緑のオーケストラ本祭 原・ストライク(13)まだら牛ボーナス

 変な時間に不貞寝したせいで、夜中に起きた善行は頭をふって部屋を出た。
水が飲みたかったのである。

冷たくてカルキのないほうがいい。善行は学校まで歩き、電動ポンプのついた井戸から冷たい水をくみ上げて飲んだ。笑顔になる。どうでもいいがこの人物、一々そういうところがじじむさい。

 空を見上げる。不思議の側の大河が良く映っており、善行はしばらく風を感じて、たたずんでいた。

この時間なら滝川君も起きてますね。善行は夜番の瀧川の所に遊びに行くことに決め、足を向けた。

月のない夜だったが、星の明かりで歩くのにさほど苦労していない。

ほどなく、たどり着いた。
「瀧川くん?」善行が顔を出して言うと、瀧川と結城火焔(およびコガ)がトランプをして遊んでいた。
瀧川、このごろ妙に人の扱いがうまい。
ハンガーのすみで隠れている火焔を引っ張り出し、数時間で食事をわけあい、トランプするまで仲良くなっていたのである。
「ういーす。
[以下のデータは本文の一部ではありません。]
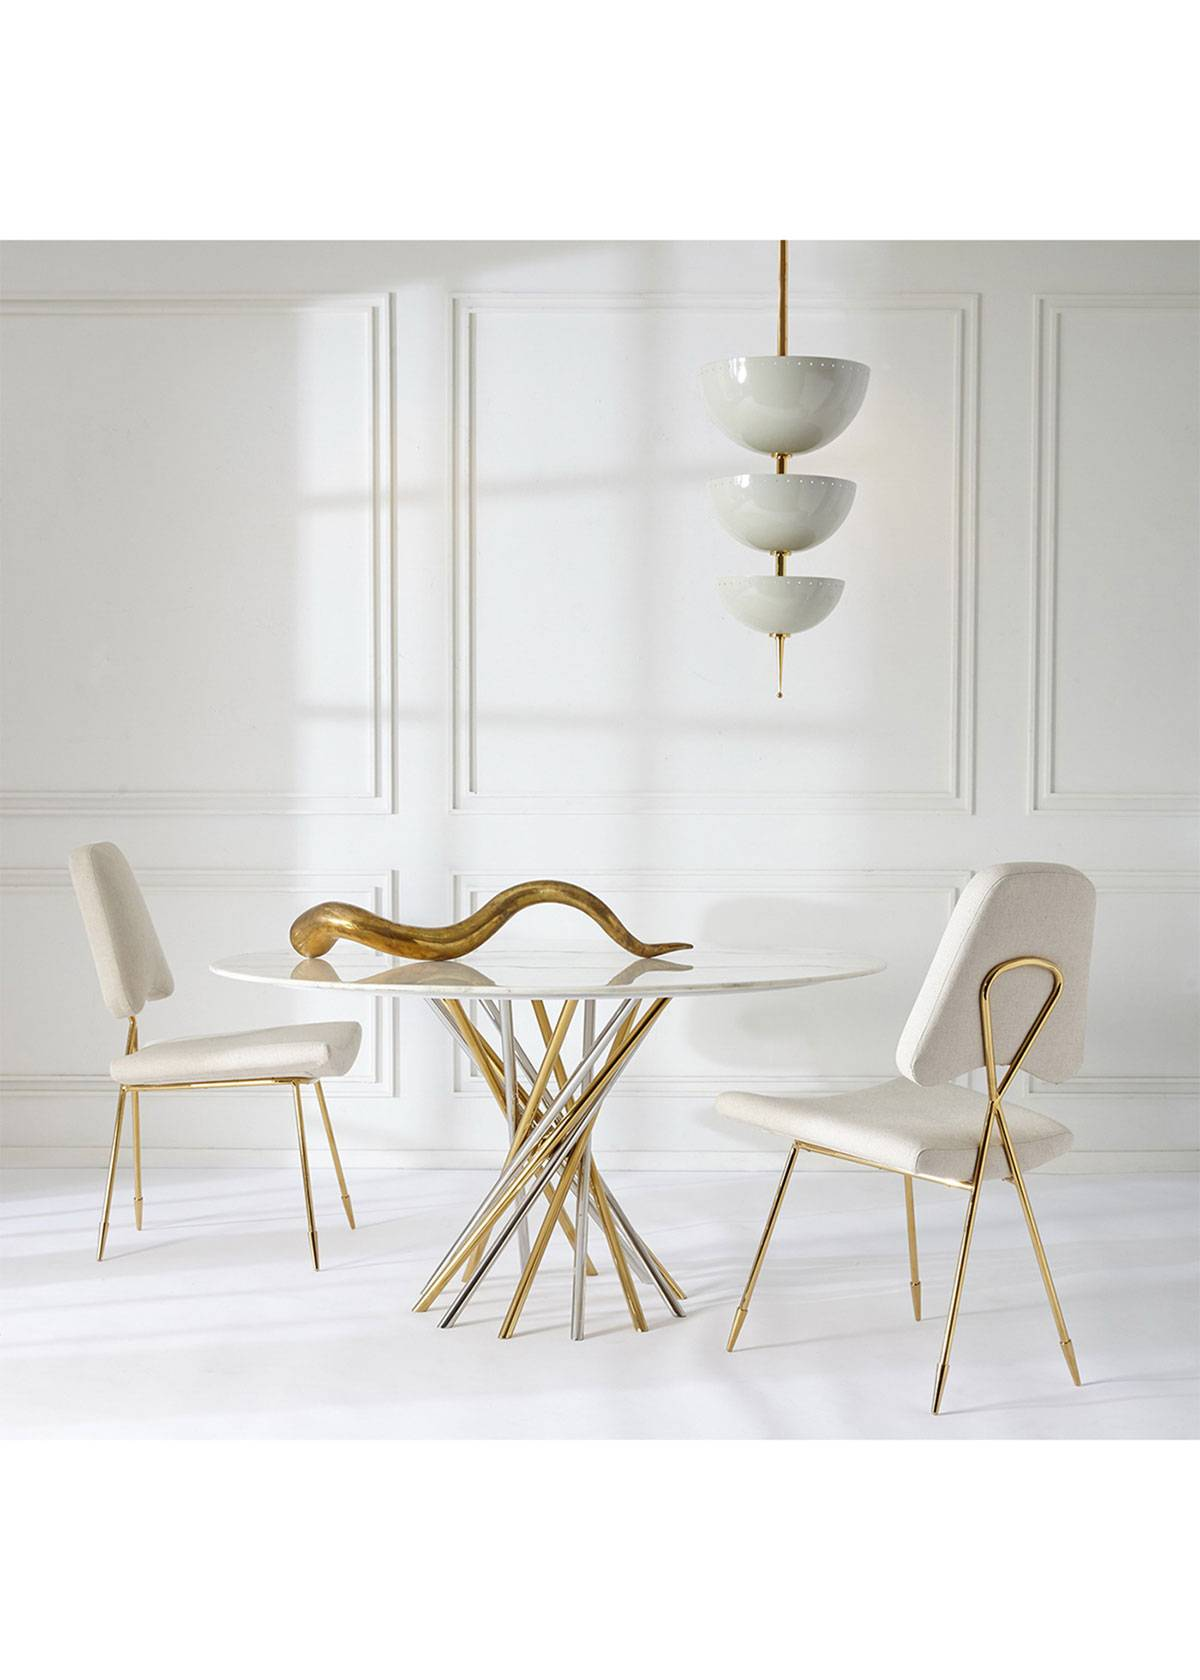 Jonathan Adler Electrum Dining Table  - Size: unisex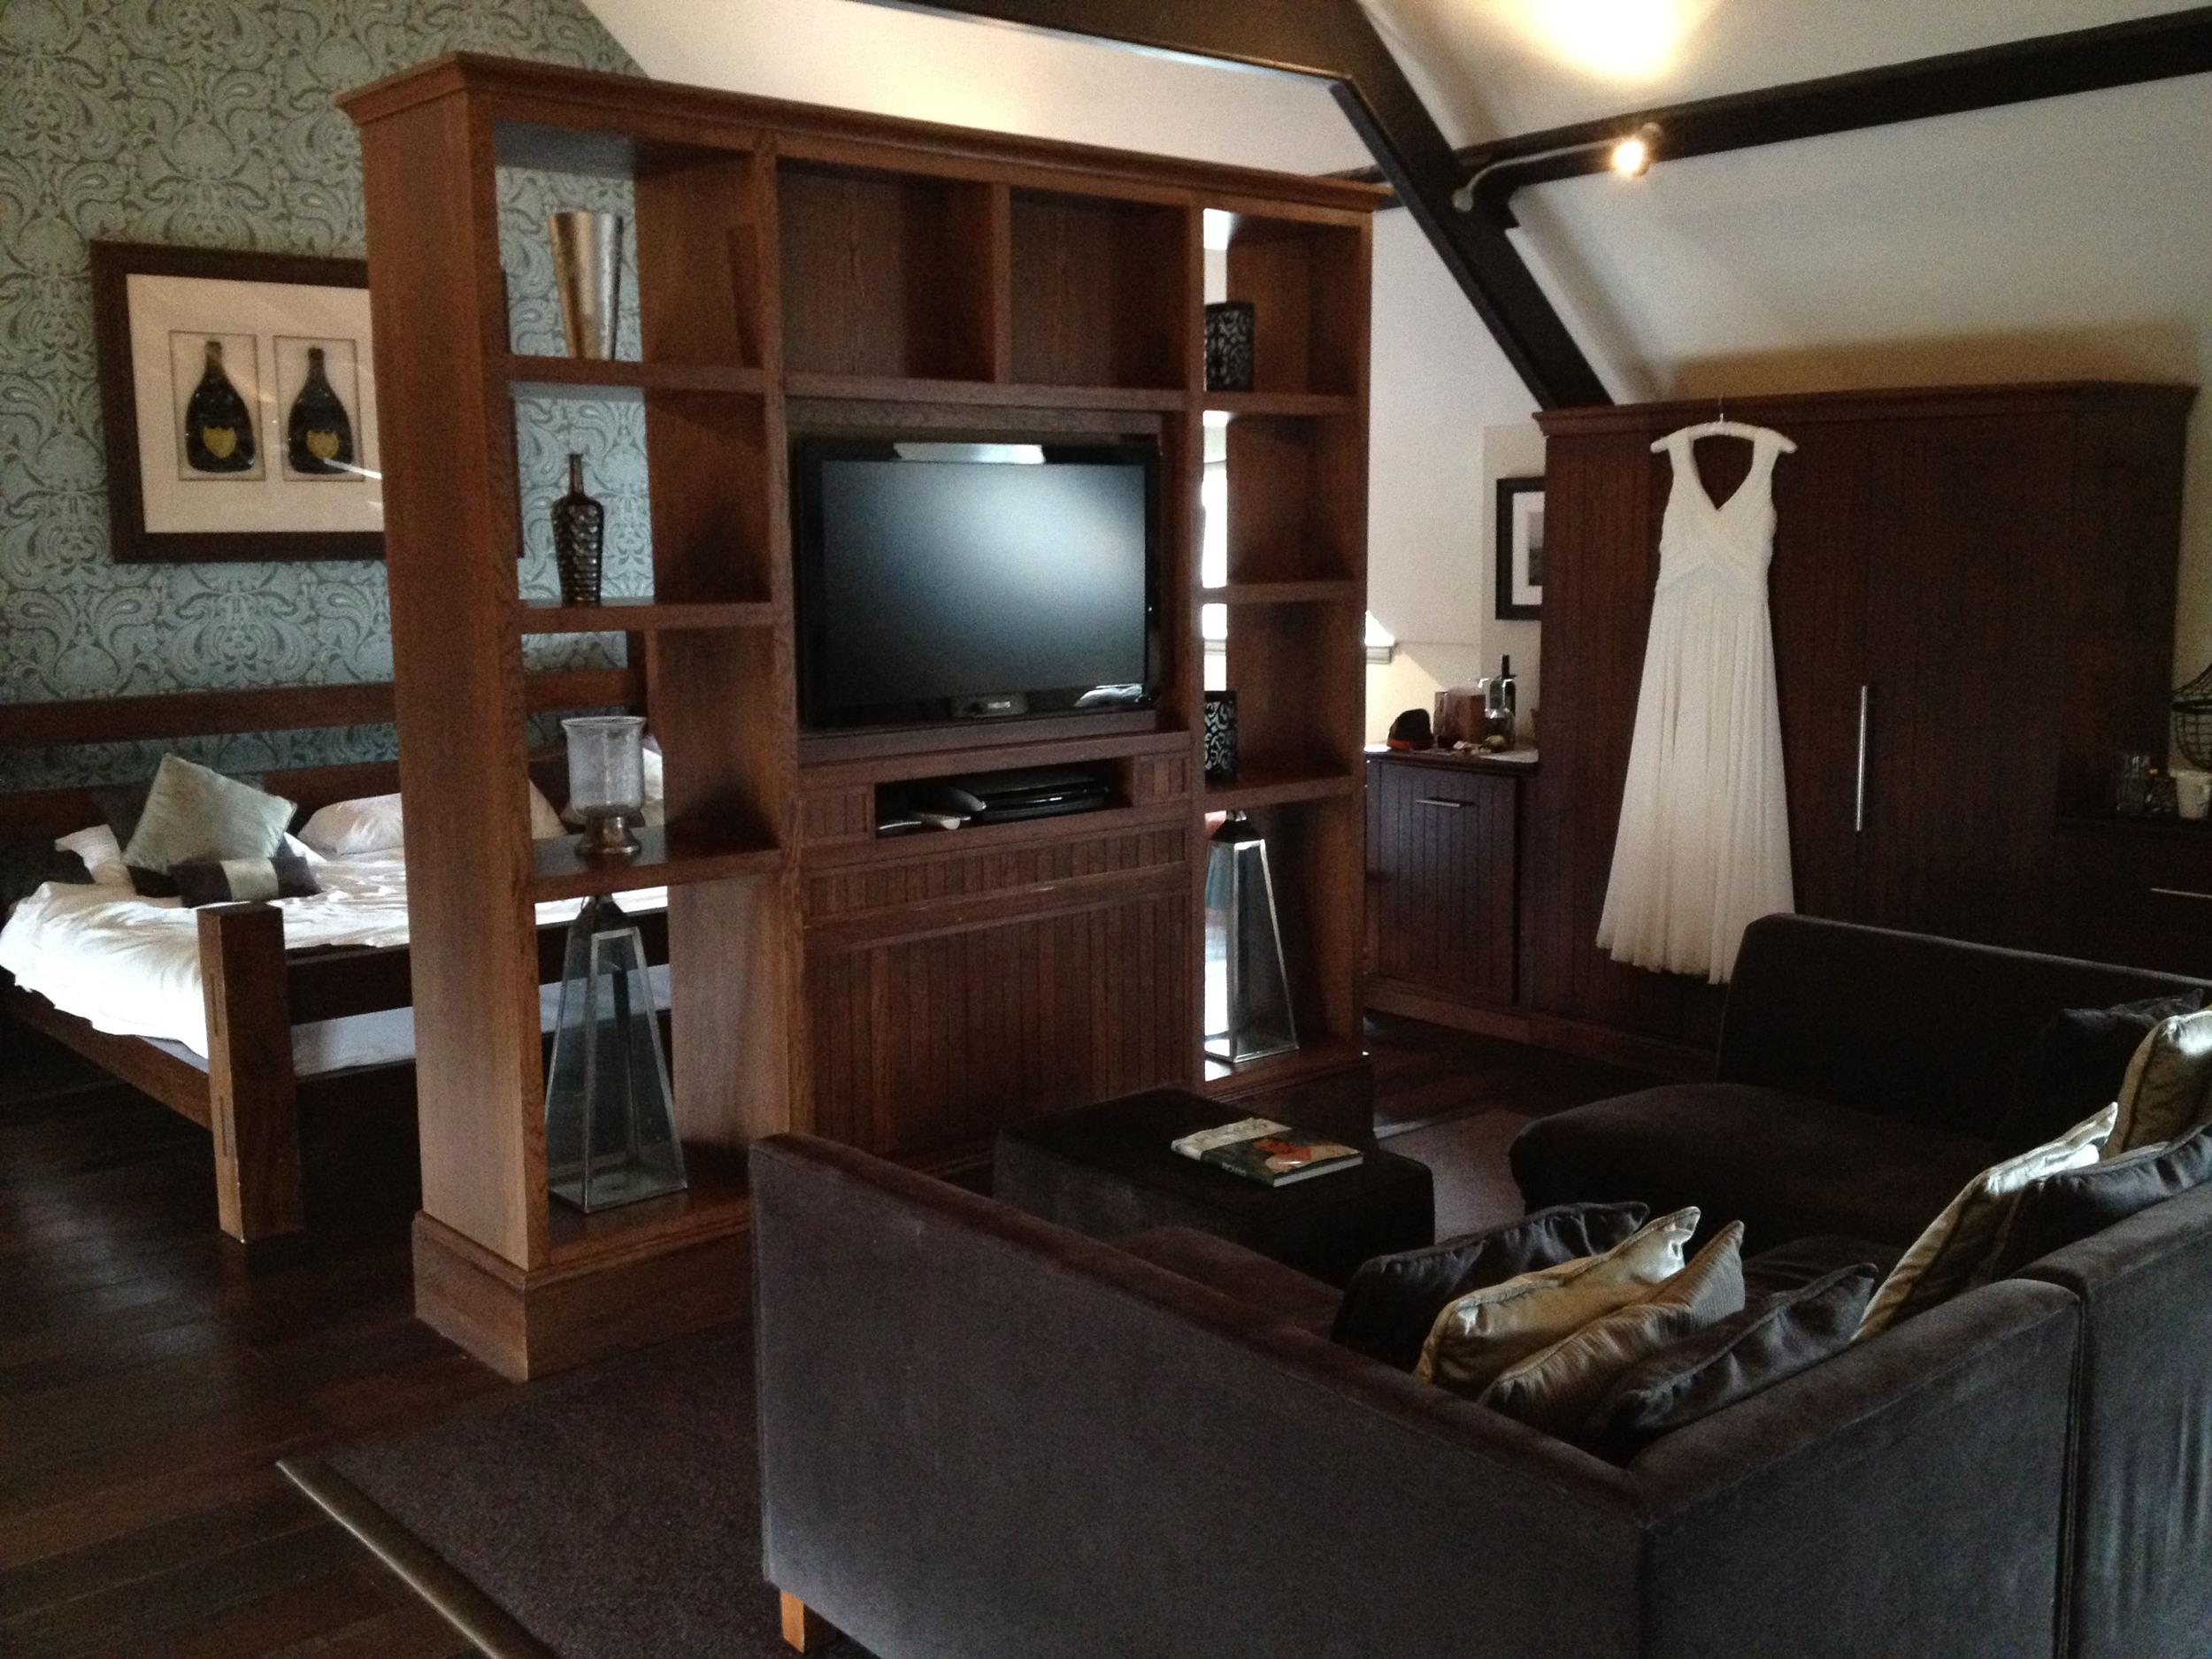 Dom Perignon suite at Hotel du Vin

どうしたんですか、委員長」ちょっと自慢げに笑う瀧川。
善行は火焔を見た後瀧川に微笑むと、その頭を、なでた。
「いや、なんとなくね」といい、自分も床に座り込んだ。

「楽しそうに遊んでるじゃないですか」
「委員長もやりますか」瀧川の言葉に、うなずく善行。
「いいんですか。僕は強いですよ。身包みはがされますからね」
火焔と瀧川が顔を見合わせた後、代表して瀧川が口を開いた。

「賭けはやってませんよ」
ひっくりかえる善行。

「じゃあ、なにやってるんですか」ひっくりかえって天井見たまま言う善行。
「俺たち未成年だし」瀧川。
「私興味ある」目を輝かせて言う火焔。映画で見たことがある。
「駄目だ」兄貴面で面倒見る瀧川。
「へーい」肩をすくめる火焔。
「ばう」上機嫌で尻尾を振るコガ。

善行は微笑み、腕まくりしてカードを手に取った。